In 2012, an attorney filed a class-action lawsuit against Mugshots.com and other booking photo websites, but was not able to locate the owners to serve them.

The owners of Mugshots.com have tried to conceal their identities by listing their business address in Nevis, West Indies, registering their domain name in Belize and using a website hosting company in Australia, according to the attorney general’s affidavit. They also hide behind dissolved or inactive limited liability companies. In doing so, “the owners avoid service of process by those who have been injured through their business practices, giving their victims no recourse to seek damages,” the affidavit stated.

The repercussions of a post on Mugshots.com can carry on long after a person dies.

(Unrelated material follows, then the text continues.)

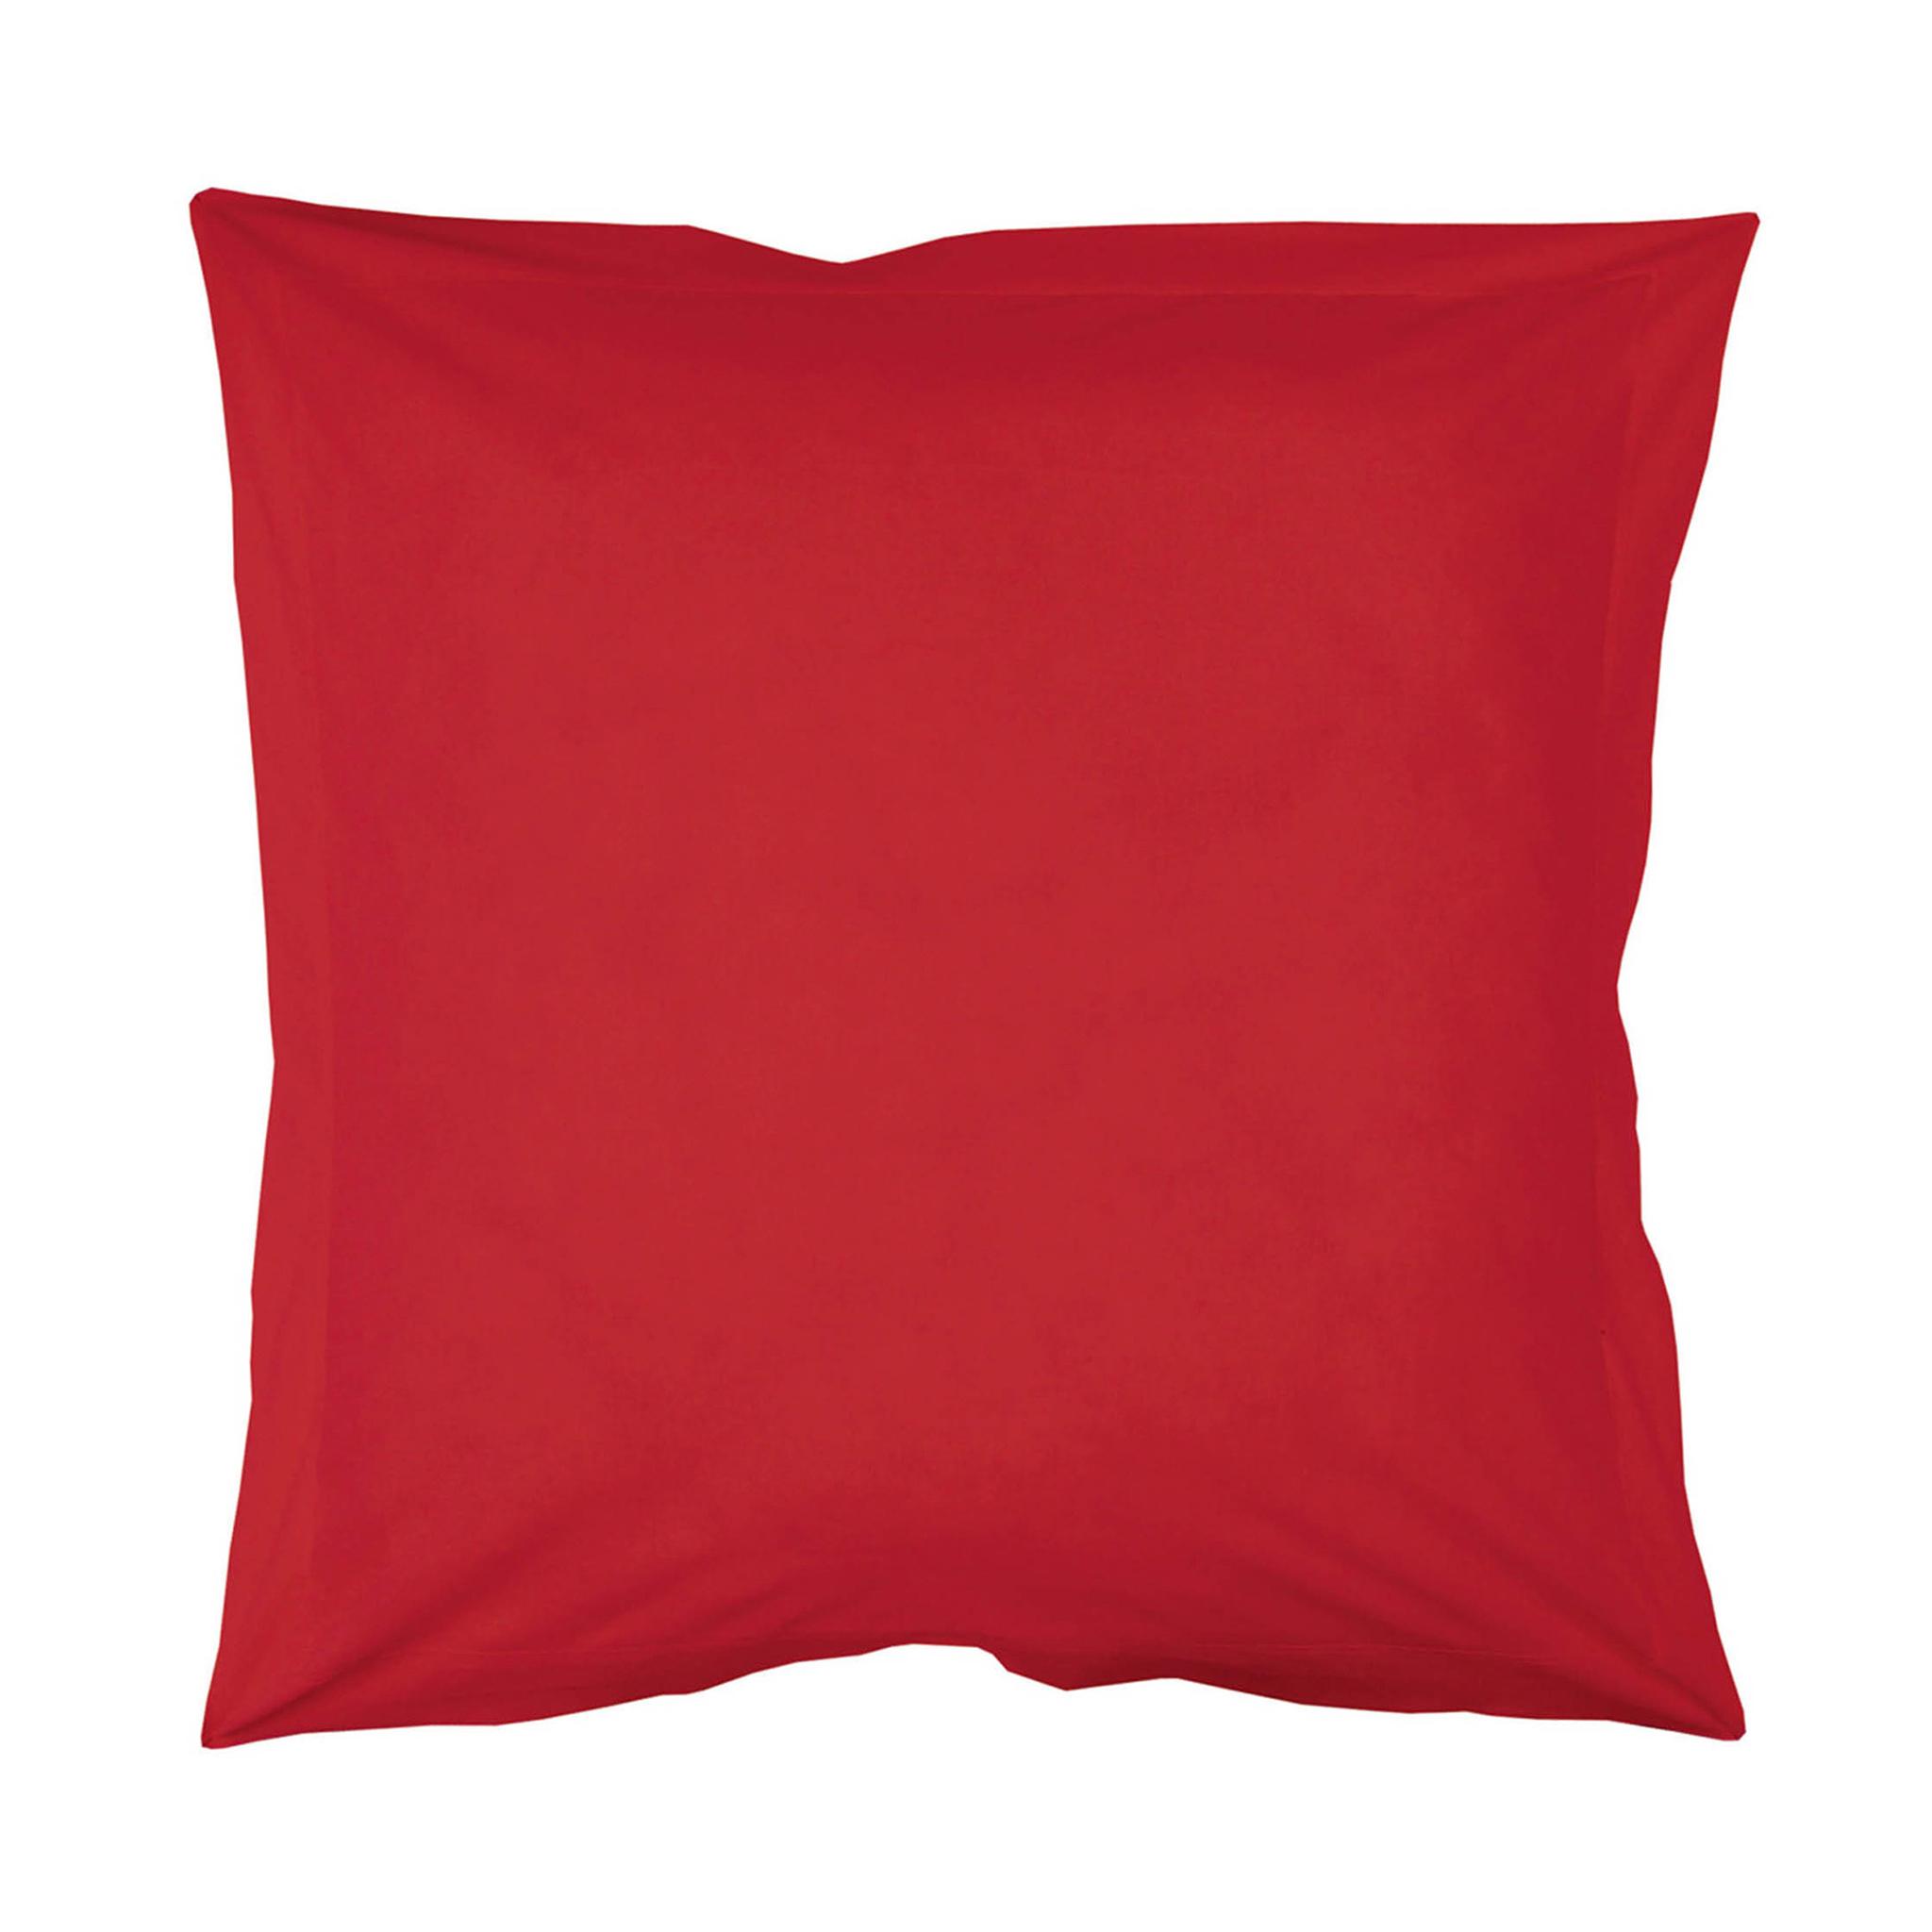 Taie d'oreiller rouge 63x63

Rosa S., a resident of Ventura County, told investigators her late husband, Tony, was jailed for one night in 1998. He was never charged with a crime, and had no criminal history. In 2002, he committed suicide.

Their son has the same name as his father, and when she searched her son’s name on the Internet, the first result that popped up was her late husband’s booking photo.

When she called Mugshots.com to have it removed, she was told she would have to pay.

The mother said what Mugshots is doing “is very ugly,” the affidavit stated, “they are profiting from people’s pain.”